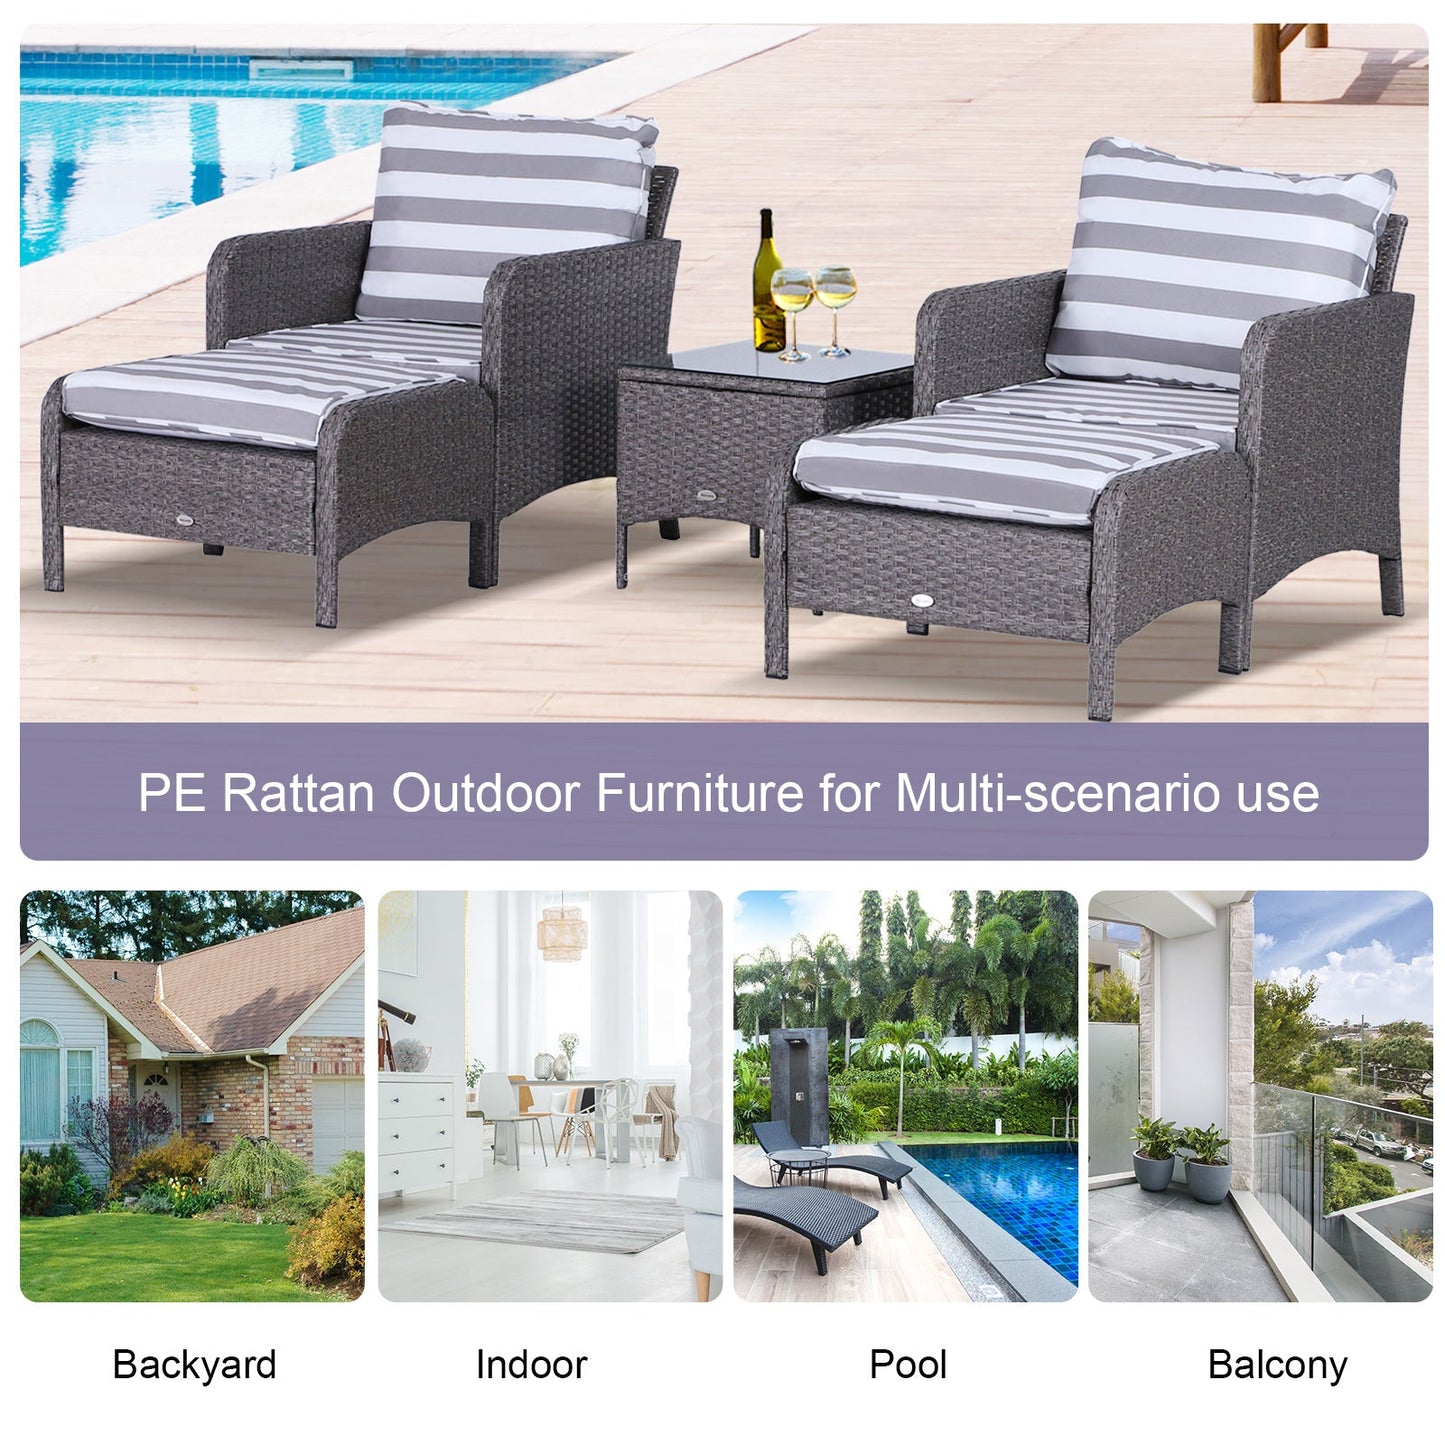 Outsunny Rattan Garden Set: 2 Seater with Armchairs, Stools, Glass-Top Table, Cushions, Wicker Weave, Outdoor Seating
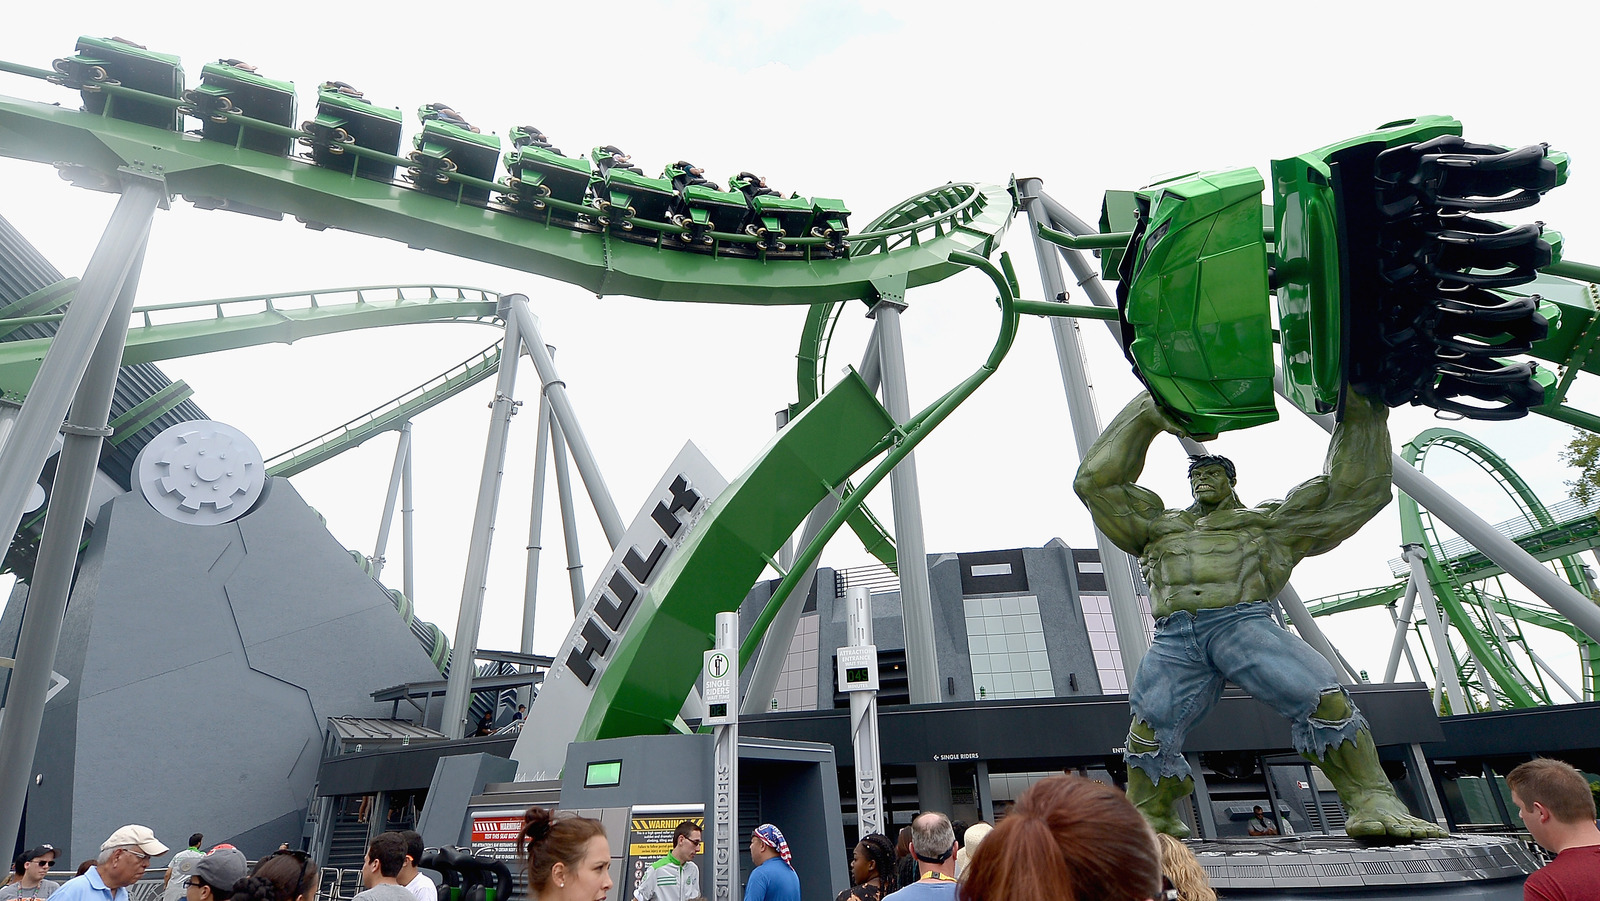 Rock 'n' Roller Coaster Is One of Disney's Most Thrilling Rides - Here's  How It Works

────

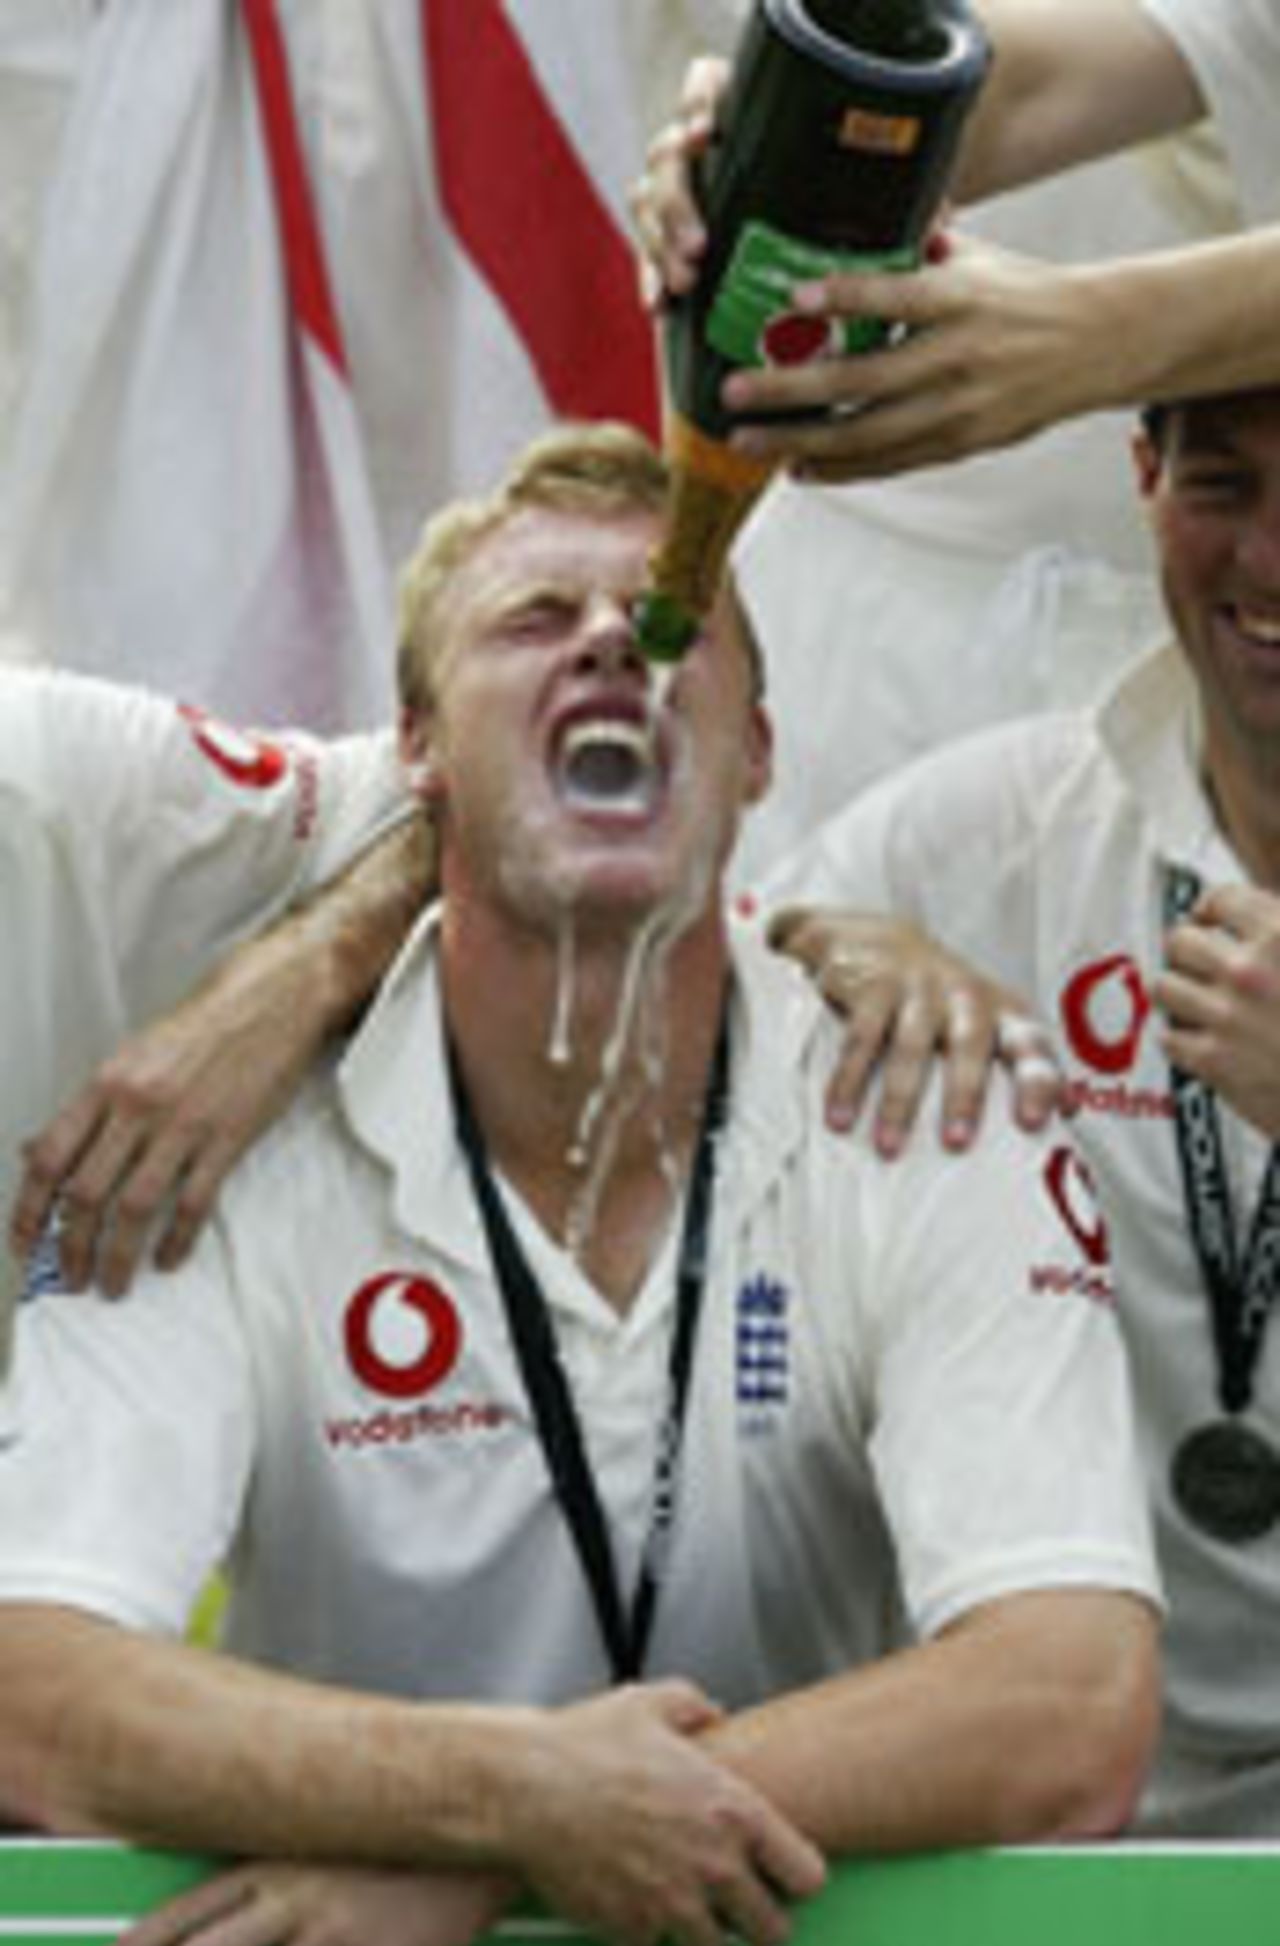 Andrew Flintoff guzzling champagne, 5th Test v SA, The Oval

────

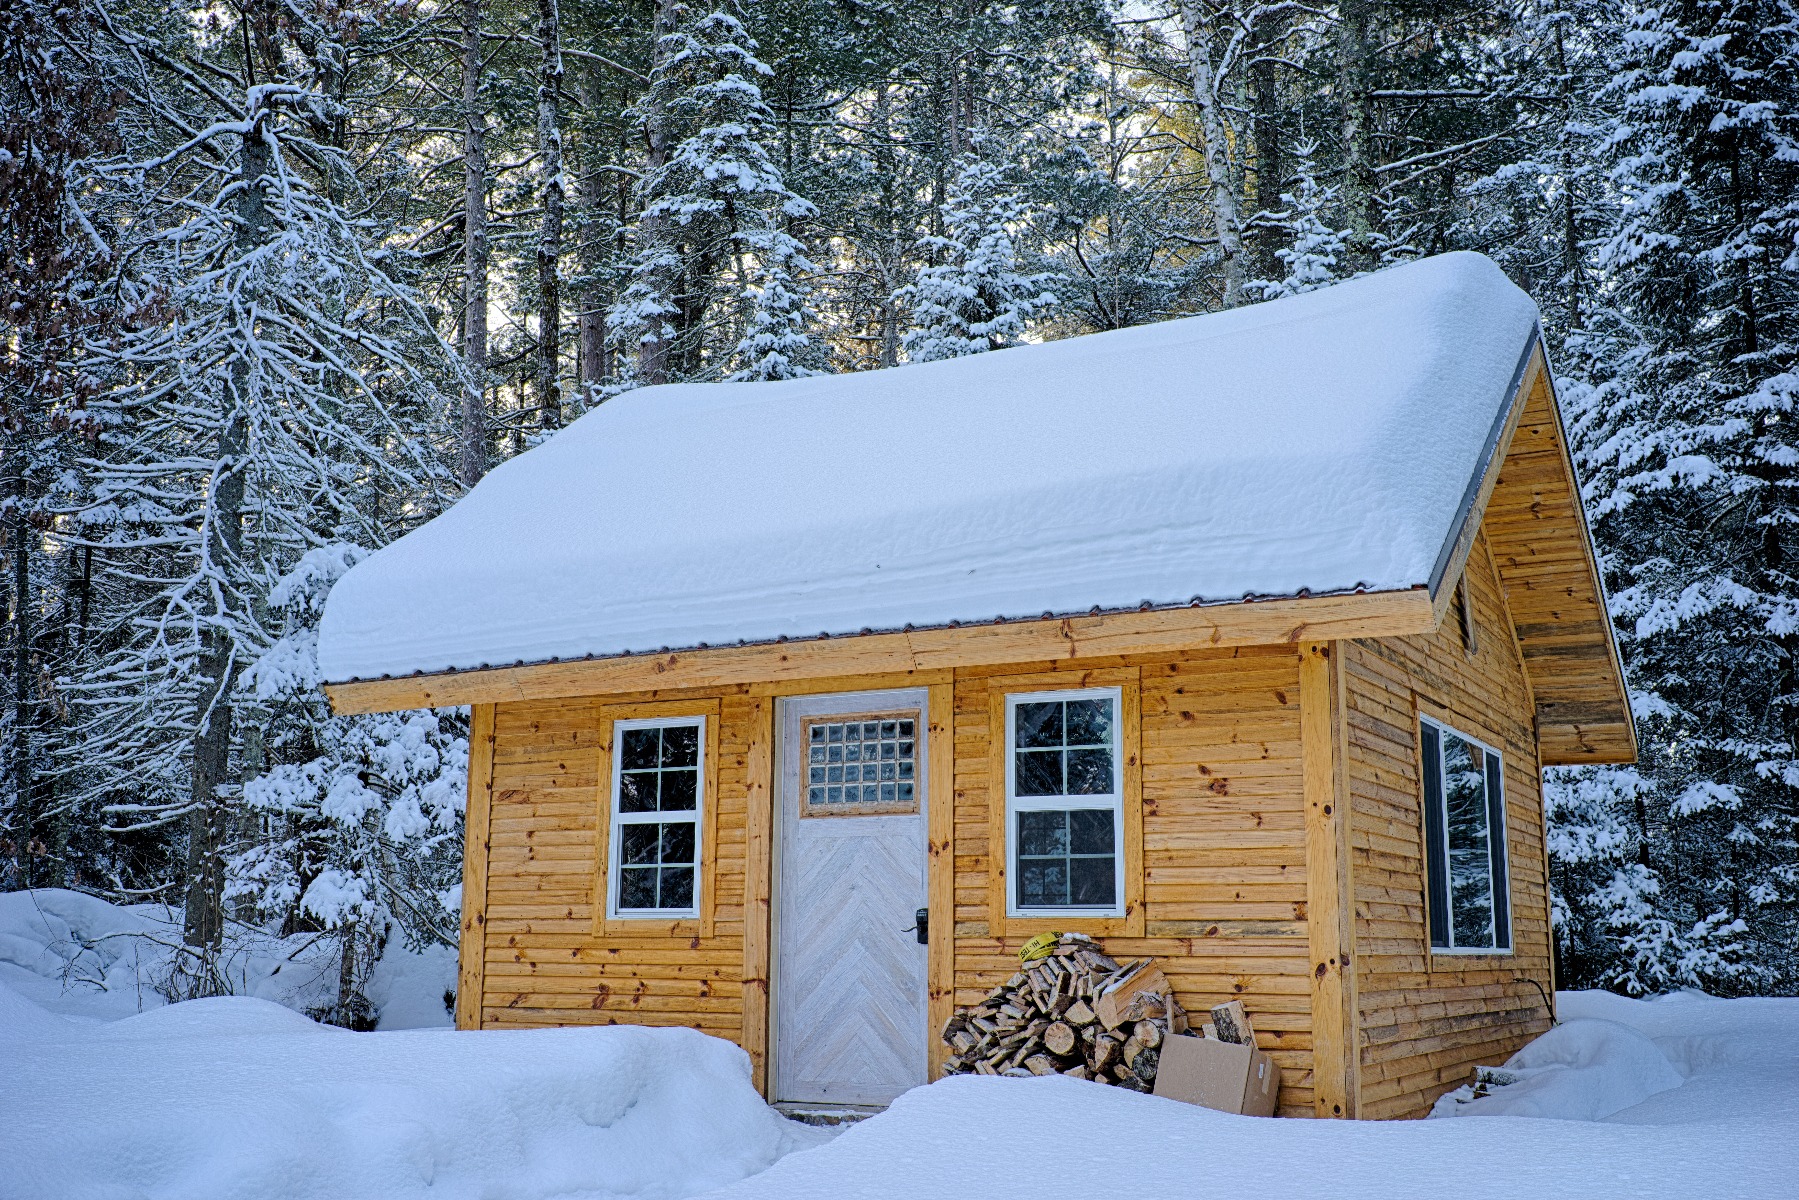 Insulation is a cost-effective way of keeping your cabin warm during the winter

────

### EXERCISE INSTRUCTIONS
Return, exactly as they stand, the lines above from the one with "Outsunny Rattan Garden" to the one with "Rock 'n' Roller", omitting any pictures among them.

### EXERCISE SOLUTION
 Outsunny Rattan Garden Set: 2 Seater with Armchairs, Stools, Glass-Top Table, Cushions, Wicker Weave, Outdoor Seating
 Rock 'n' Roller Coaster Is One of Disney's Most Thrilling Rides - Here's  How It Works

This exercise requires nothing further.